Dans un rapport publié en septembre, Human Rights Watch (HRW) avait affirmé que "les soldats de l'UA, se servant d'intermédiaires somaliens, ont utilisé une variété de tactiques, dont l'aide humanitaire, pour contraindre des femmes et des filles vulnérables à des activités sexuelles."

"Ils ont aussi violé et agressé sexuellement des femmes venues chercher une aide médicale ou de l'eau sur les bases de l'Amisom", la force de l'UA en Somalie, ajoutait l'ONG.

L'Amisom compte 22.000 hommes et est constituée de contingents ougandais, burundais, kényan, éthiopien, djiboutien et sierra-léonais. Elle appuie depuis 2007 les fragiles autorités de Mogadiscio dans leur combat contre les islamistes shebab.

"Nous effectuons une évaluation globale du comportement de la force", a déclaré à l'AFP le porte-parole de la Défense et de l'armée ougandaise, Paddy Ankunda.

"Il ne s'agit pas seulement de harcèlement sexuel", a-t-il ajouté, reconnaissant toutefois que cela représentait un des objets de l'enquête.
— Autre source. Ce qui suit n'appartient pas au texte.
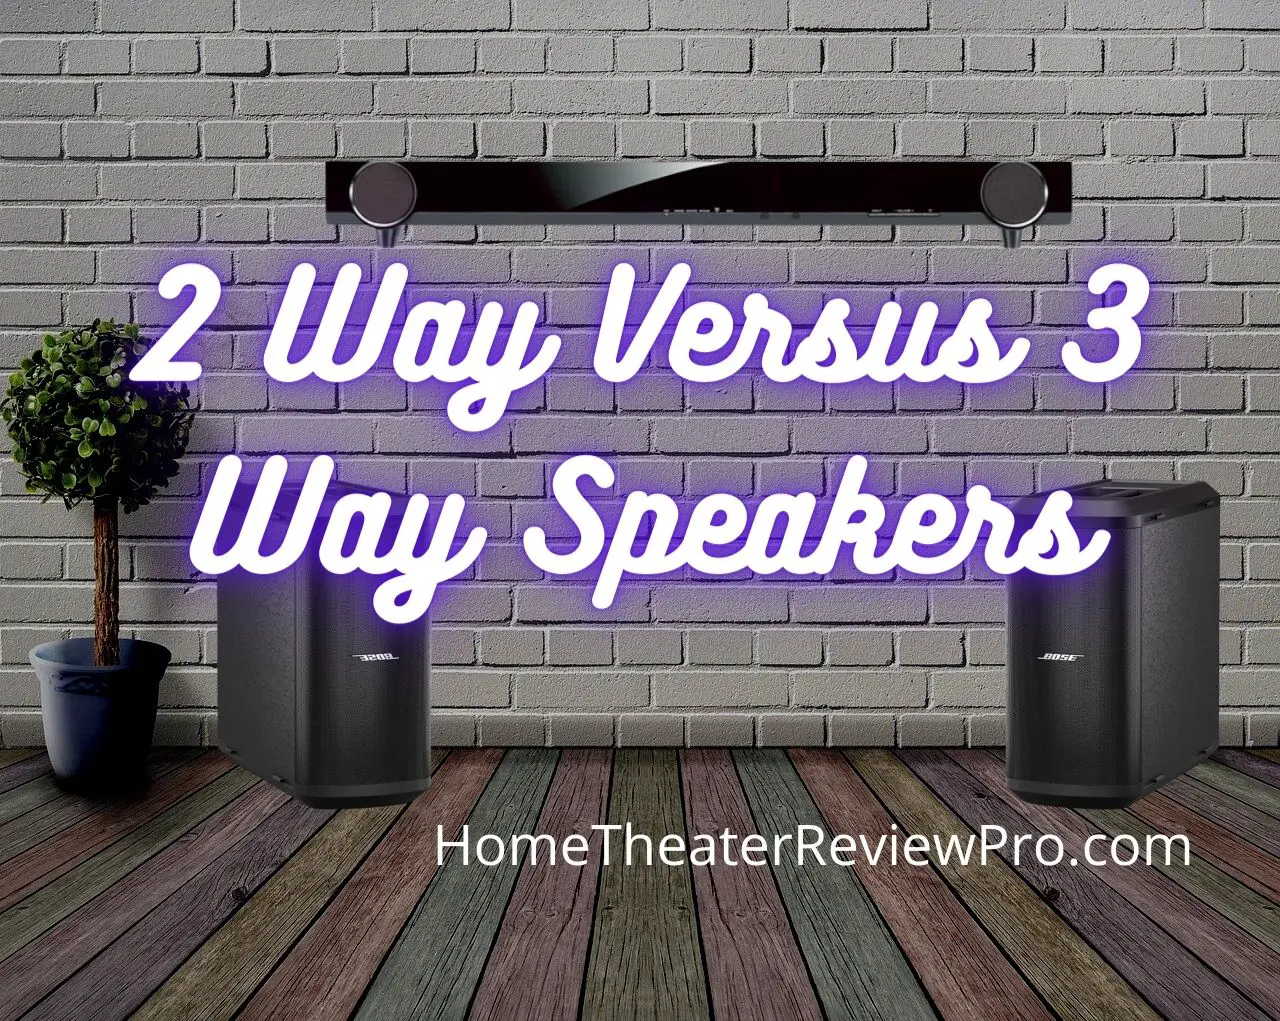 2 Way Versus 3 Way Speakers

"Ce sont des allégations. Nous enquêtons. Nous ne connaitrons leur implication que lorsque les enquêtes auront été menées à terme mais pour l'instant ils sont suspendus", a-t-il dit des responsables militaires concernés parmi lesquels figurent deux généraux.
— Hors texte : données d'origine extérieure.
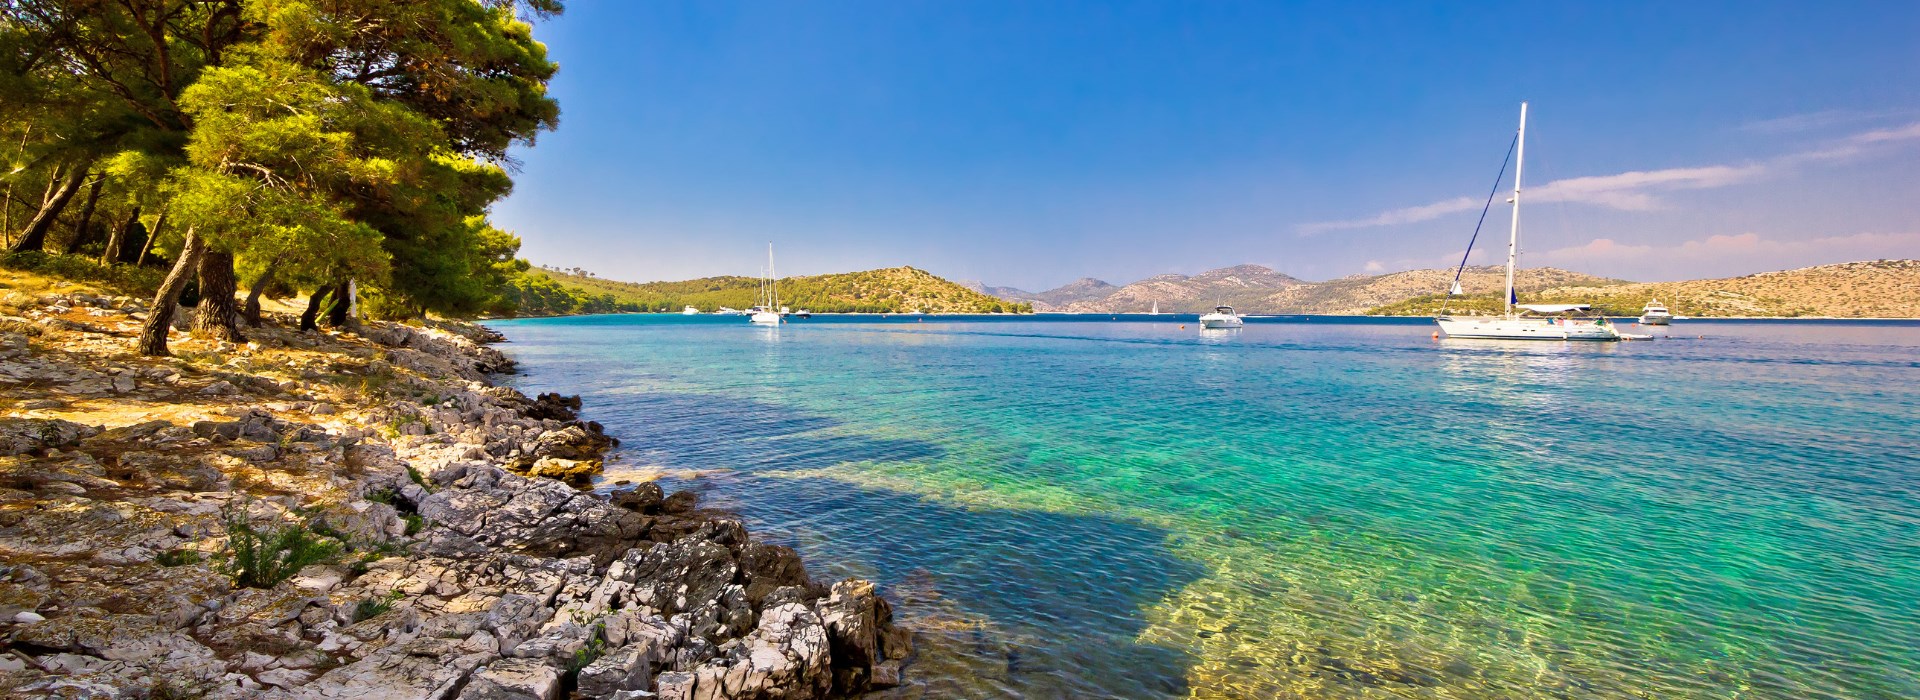 Visiter L'Ile de Korčula - Montenegro-Croatie

HRW avait demandé que les pays qui ont envoyé des soldats en Somalie, l'Union africaine et les bailleurs qui financent l'Amisom examinent d'urgence le dossier "pour que justice soit rendue",

Le rapport se concentre sur des événements survenus à Mogadiscio, où sont déployées des troupes ougandaises et burundaises.

Il cite plusieurs femmes qui disent s'être rendues sur le camp de l'Amisom pour y chercher des médicaments pour leurs bébés mais qui ont été forcées à des rapports sexuels avec des soldats. La plupart des femmes sont des déplacés qui ont fui la province après la famine de 2011.

La présidente de la Commission de l'UA, Nkosazana Dlamini-Zuma, a déjà demandé une enquête qui doit être achevée d'ici la fin novembre. L'UA a cependant déjà affirmé que le rapport de HRW était inexact et qu'il minait les efforts de paix en Somalie.